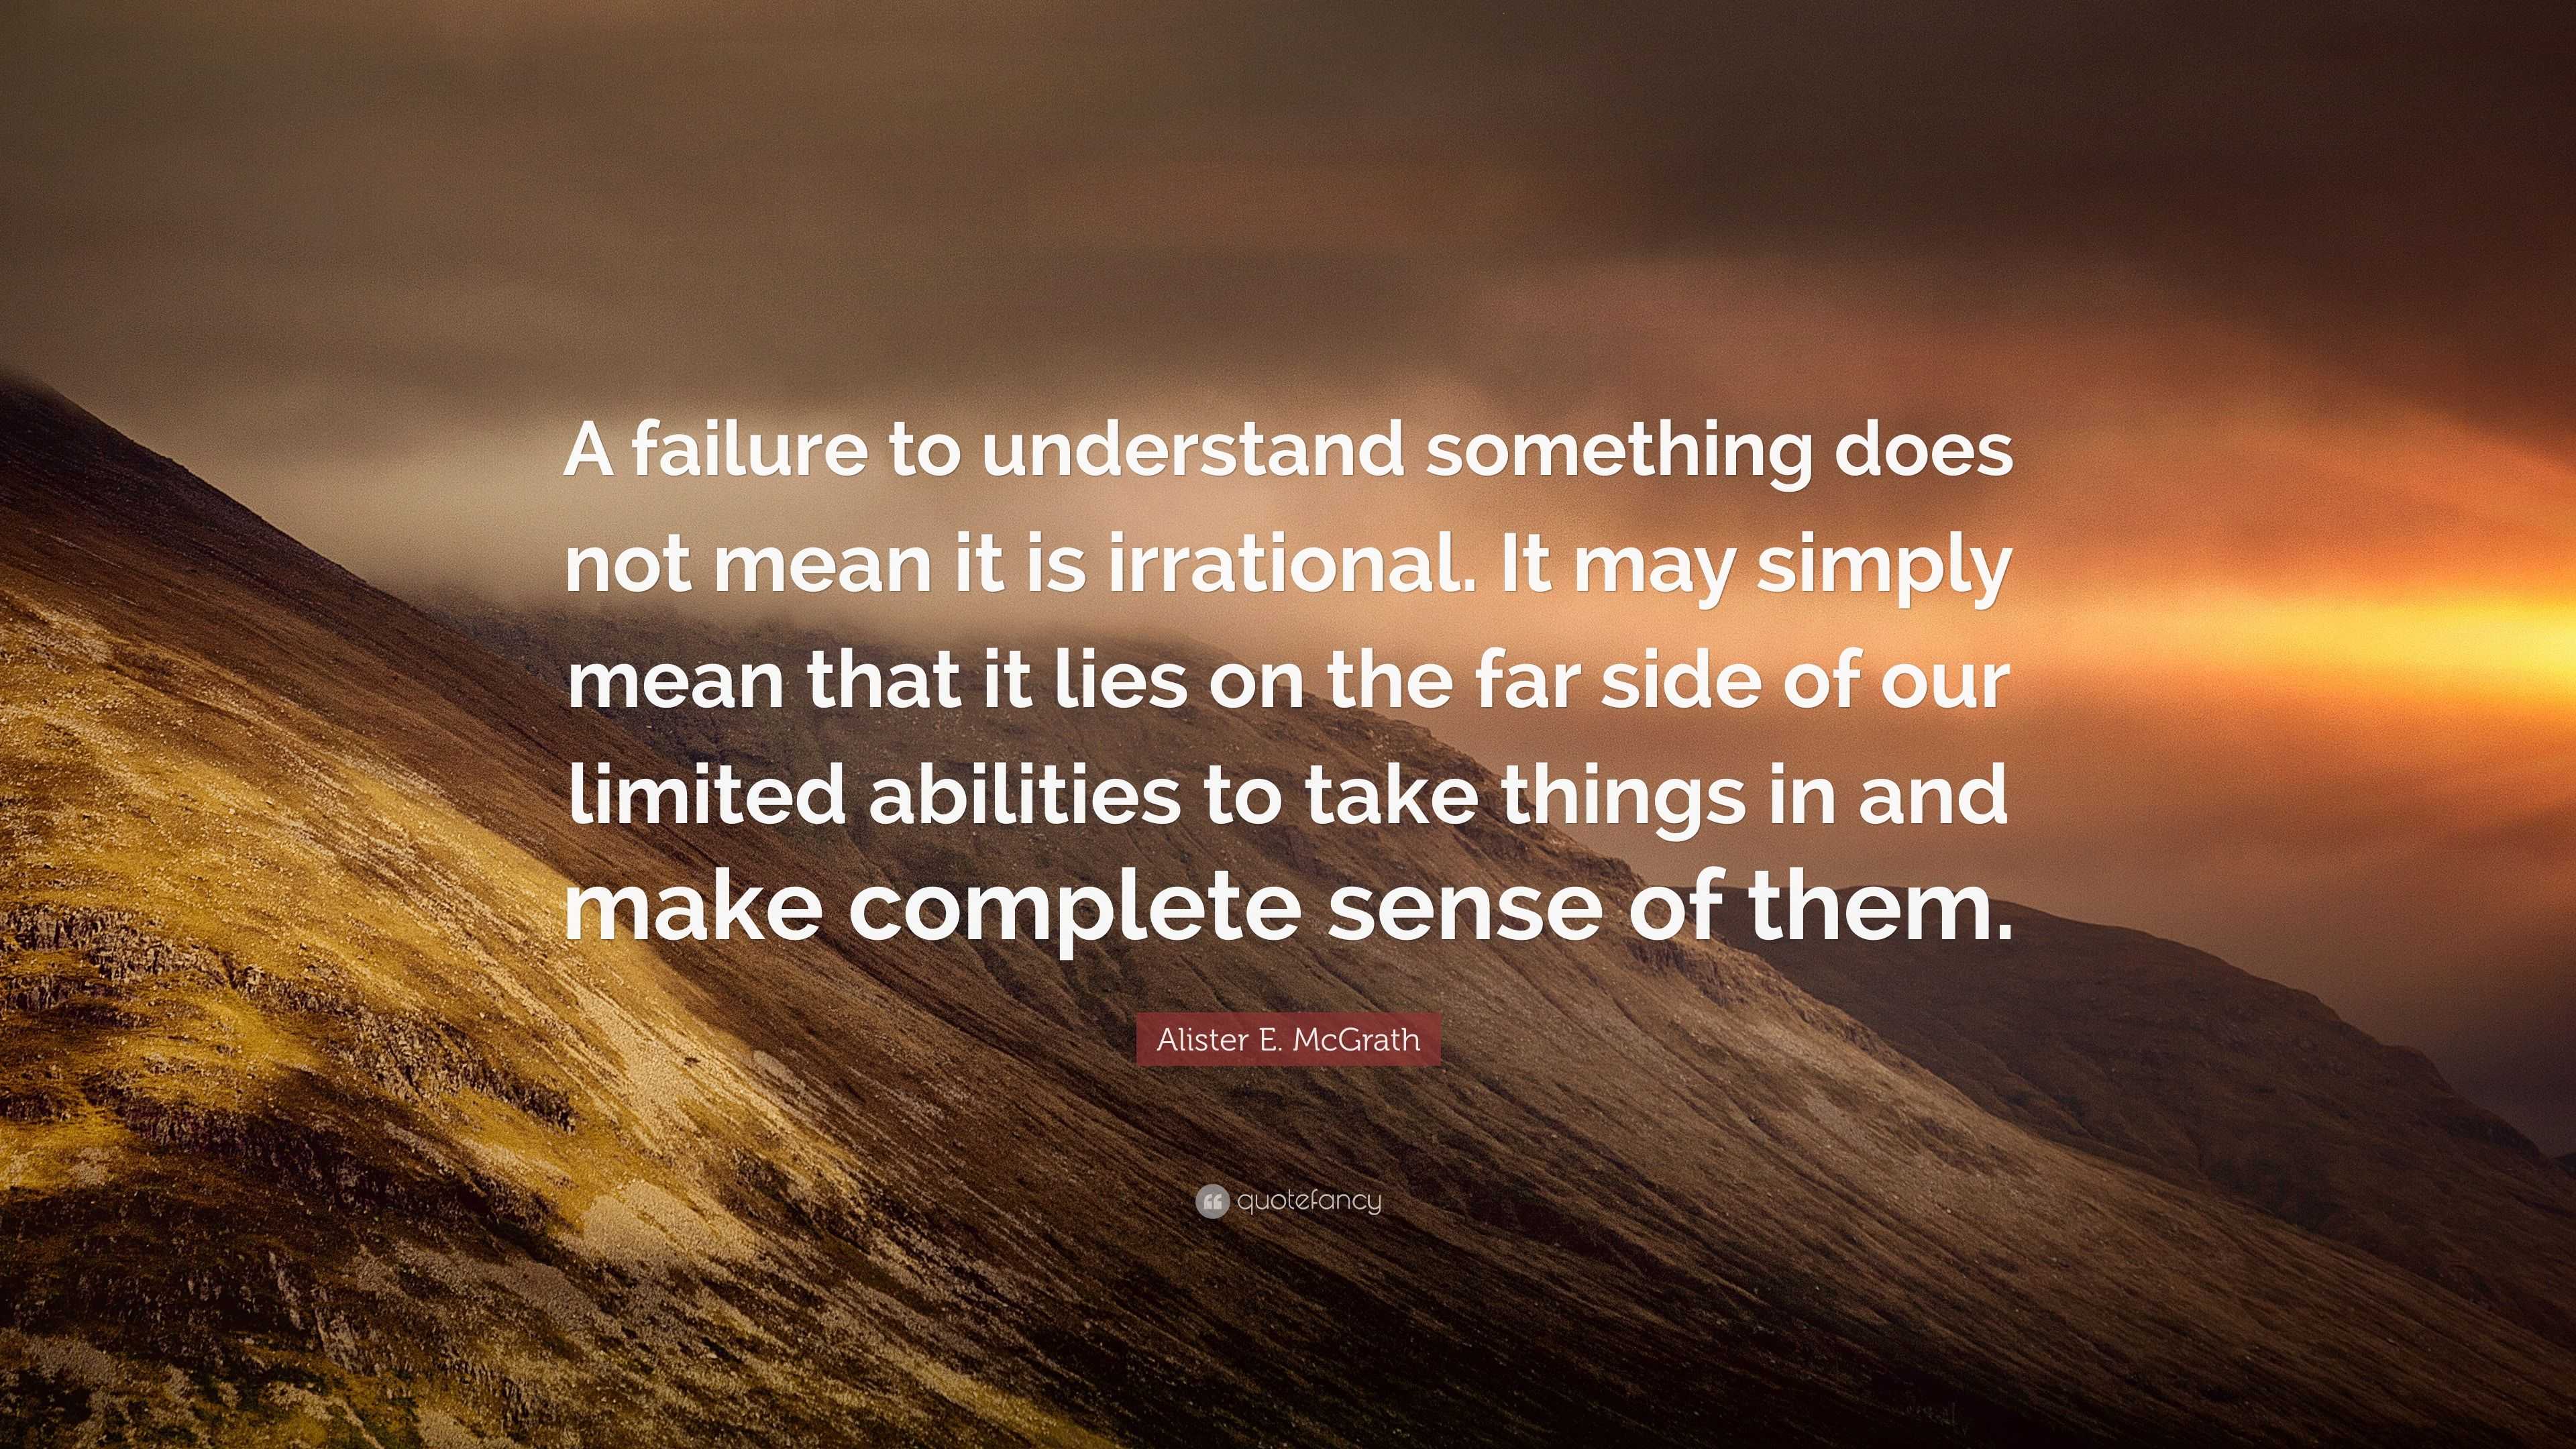 Alister E. McGrath Quote: “A failure to understand something does not ...
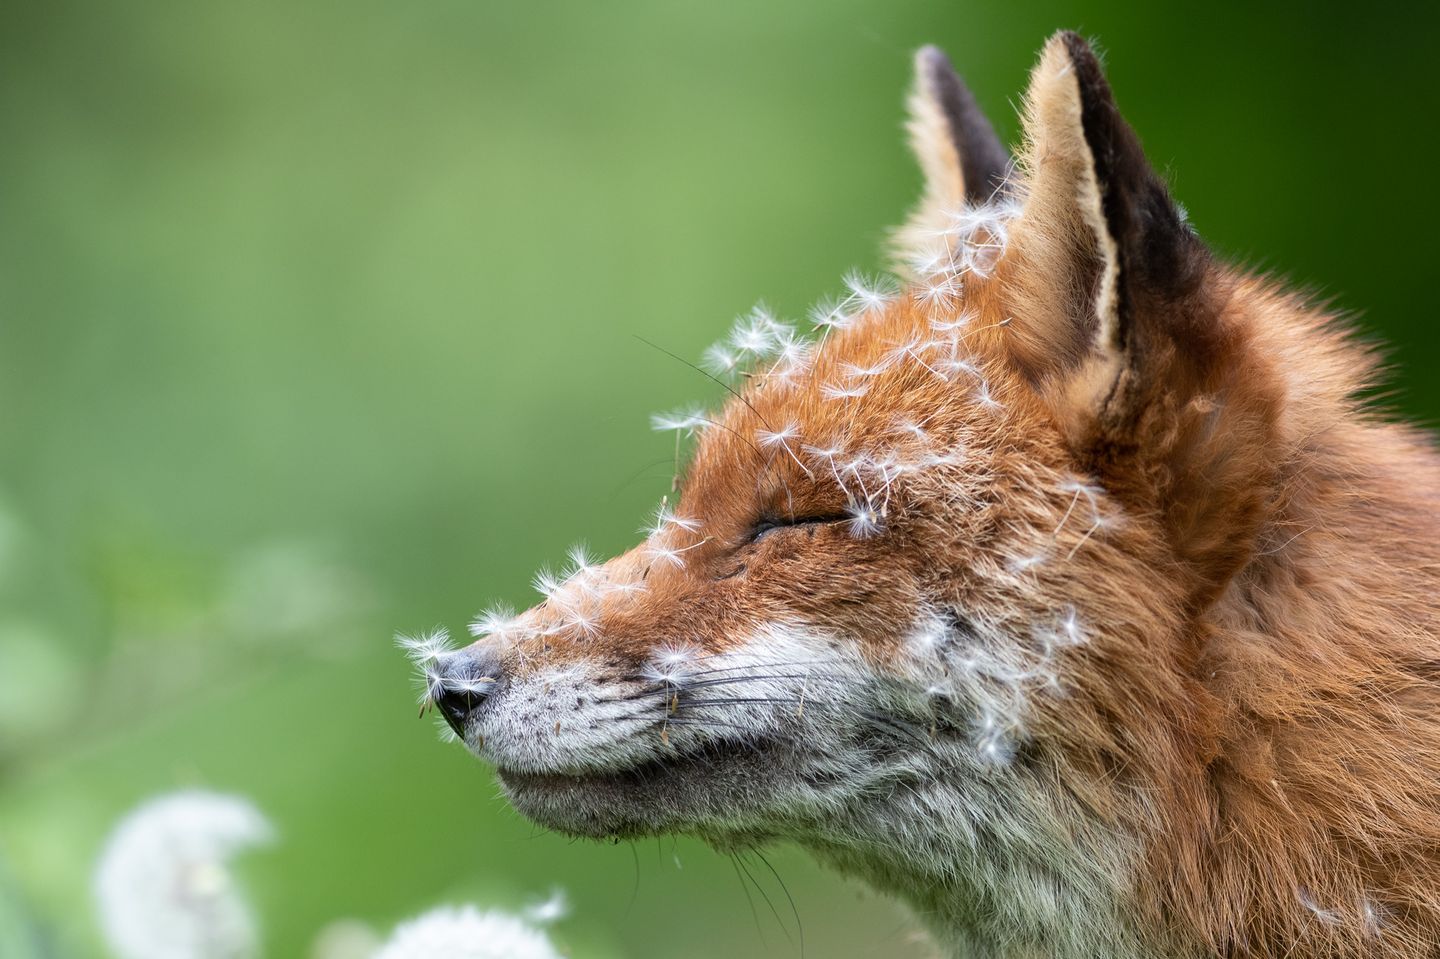 Sleeping With Dandelions Animal Portraits | Winner Lewis Newman Red fox (Vulpes vulpes) London, England  Nikon D500 with Nikon 300mm f/2.8 lens. 300mm; 1/800th second; f/4; ISO 640.  After spending a lot of time with this particular vixen, she began to learn I was not a threat. This gave me some great photographic opportunities. I got to know her routine, and as the wildflowers began to grow, I would find her curled up amongst them. As the dandelions began to open there were a couple of days when she would wake up covered in them.
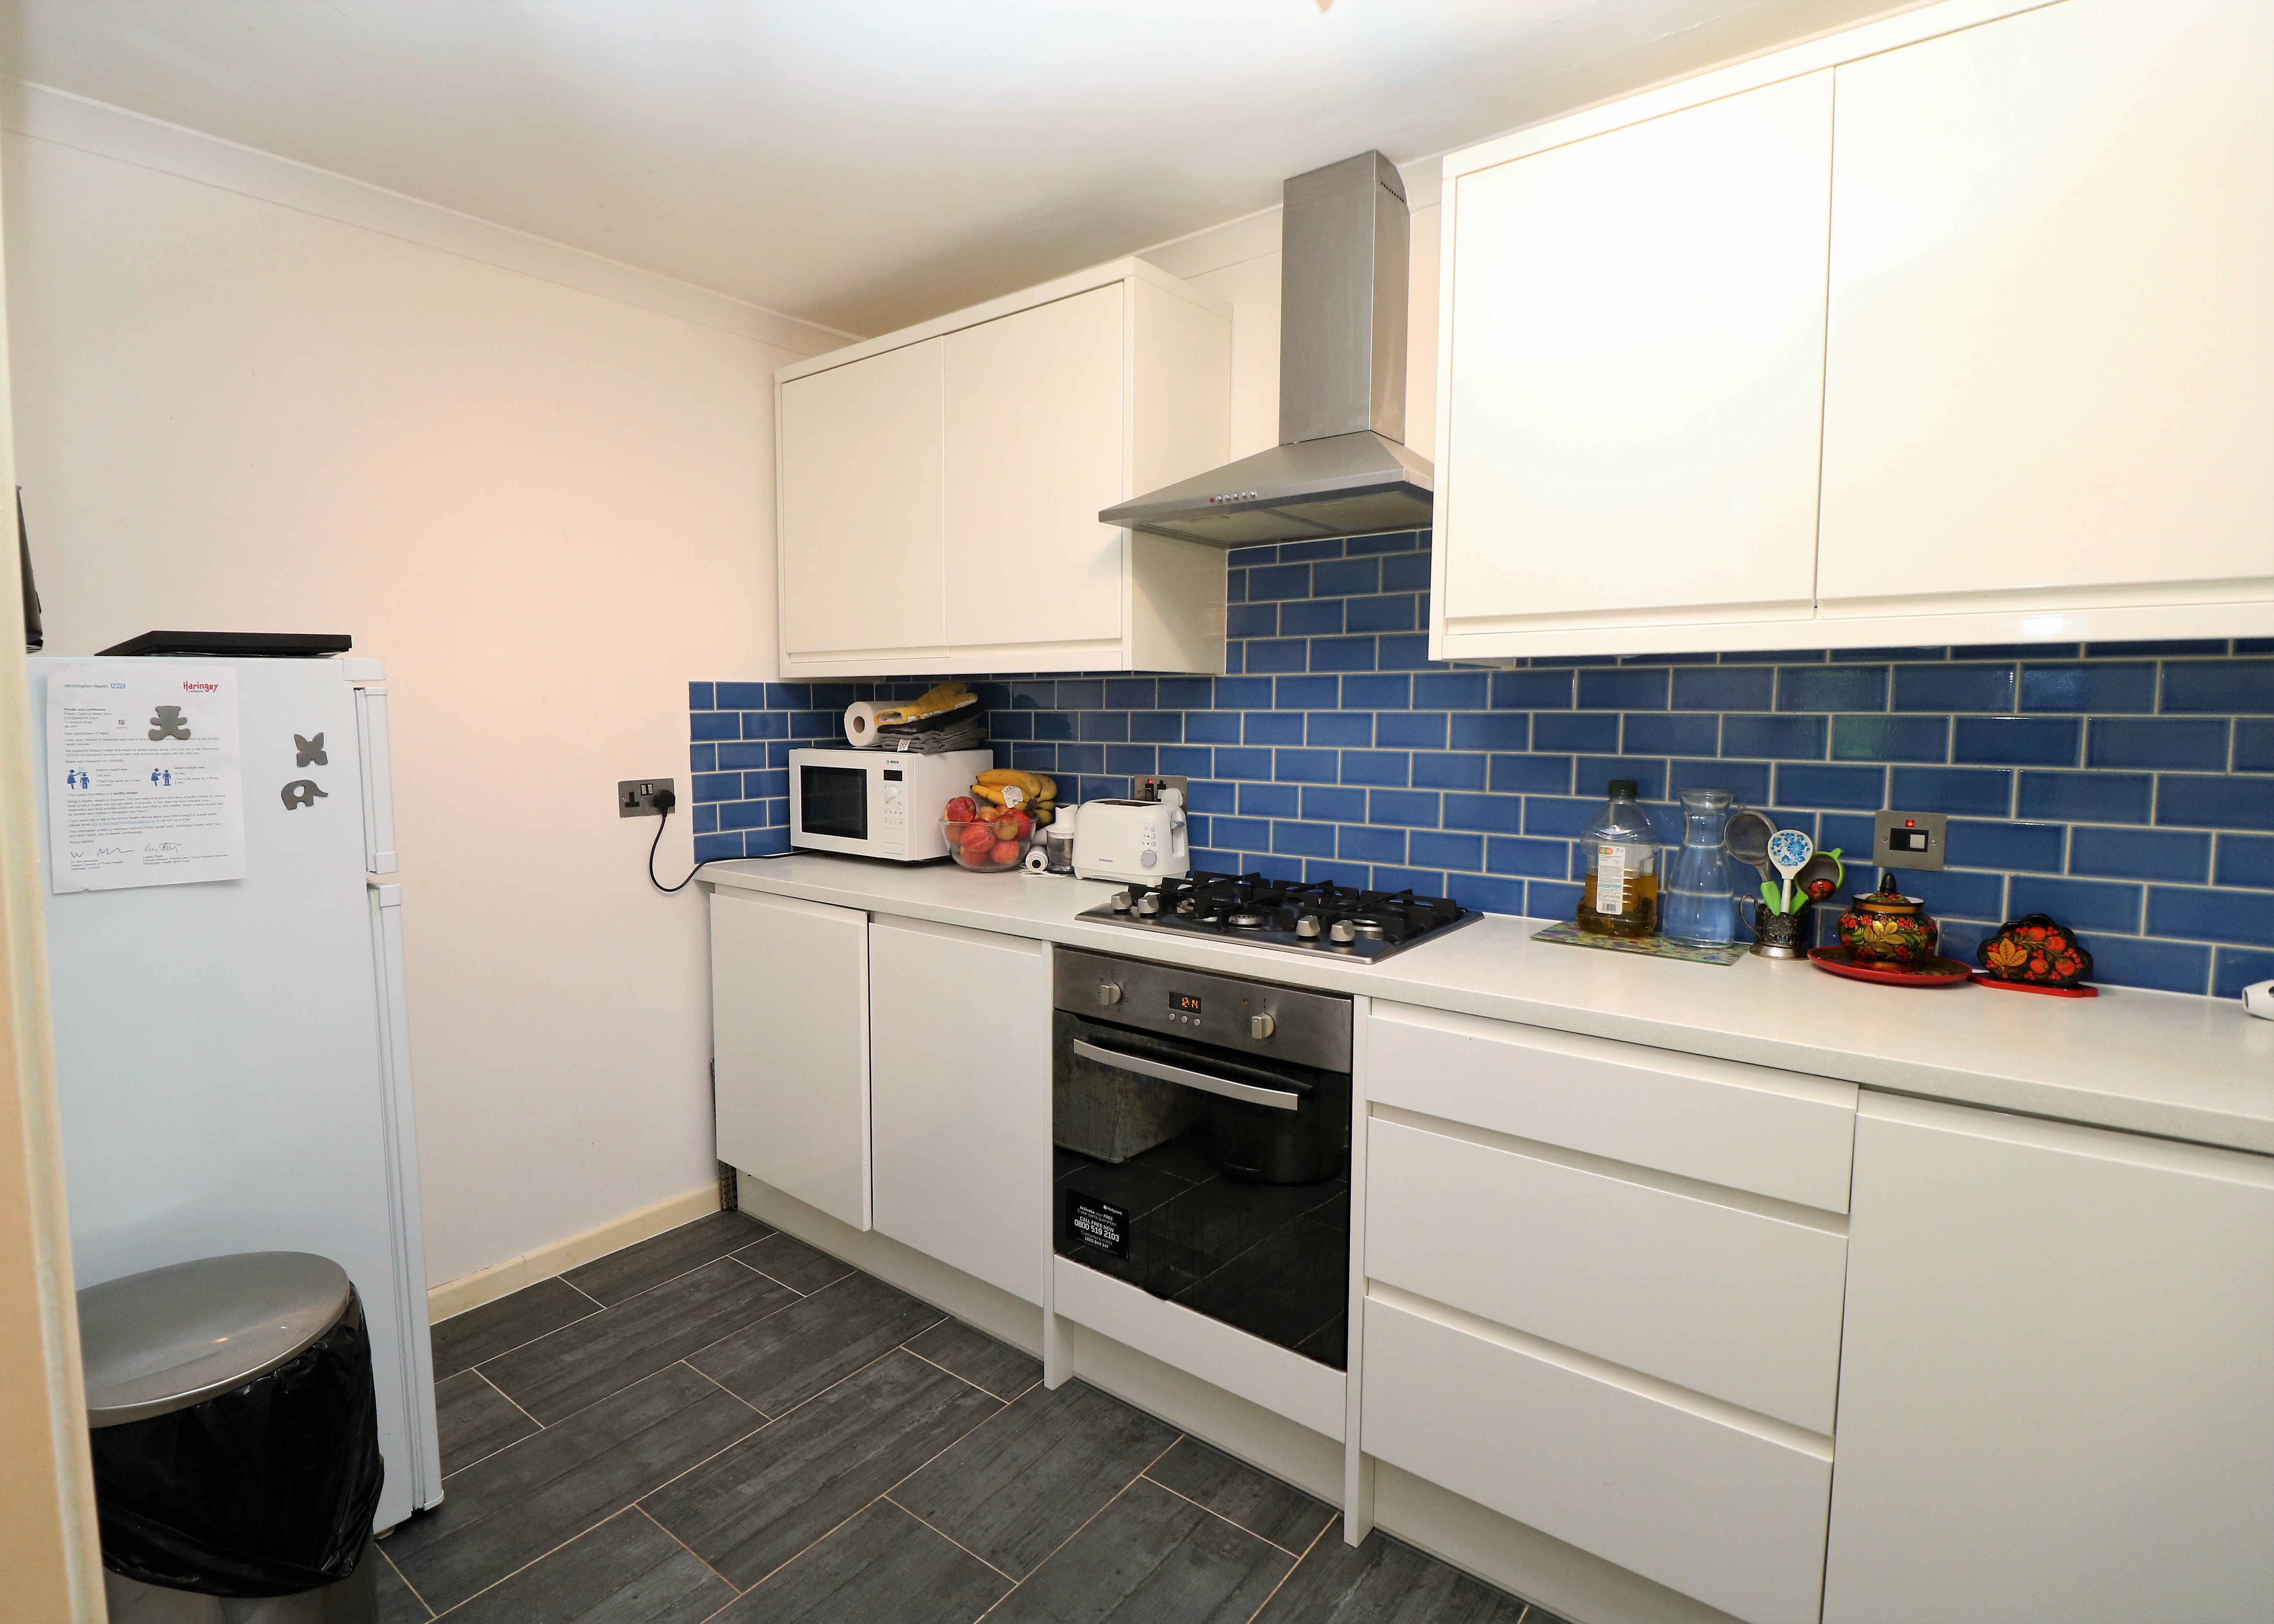 Private ground floor two double bedroom flat in N6. Crouch End borders of Highgate.

To do:
Pictures are to be omitted from the copy, and only the lines from the one containing "Sleeping With Dandelions" through the final line of the listing above are to be written out exactly.

Your solution:
 Sleeping With Dandelions Animal Portraits | Winner Lewis Newman Red fox (Vulpes vulpes) London, England  Nikon D500 with Nikon 300mm f/2.8 lens. 300mm; 1/800th second; f/4; ISO 640.  After spending a lot of time with this particular vixen, she began to learn I was not a threat. This gave me some great photographic opportunities. I got to know her routine, and as the wildflowers began to grow, I would find her curled up amongst them. As the dandelions began to open there were a couple of days when she would wake up covered in them.
 Private ground floor two double bedroom flat in N6. Crouch End borders of Highgate.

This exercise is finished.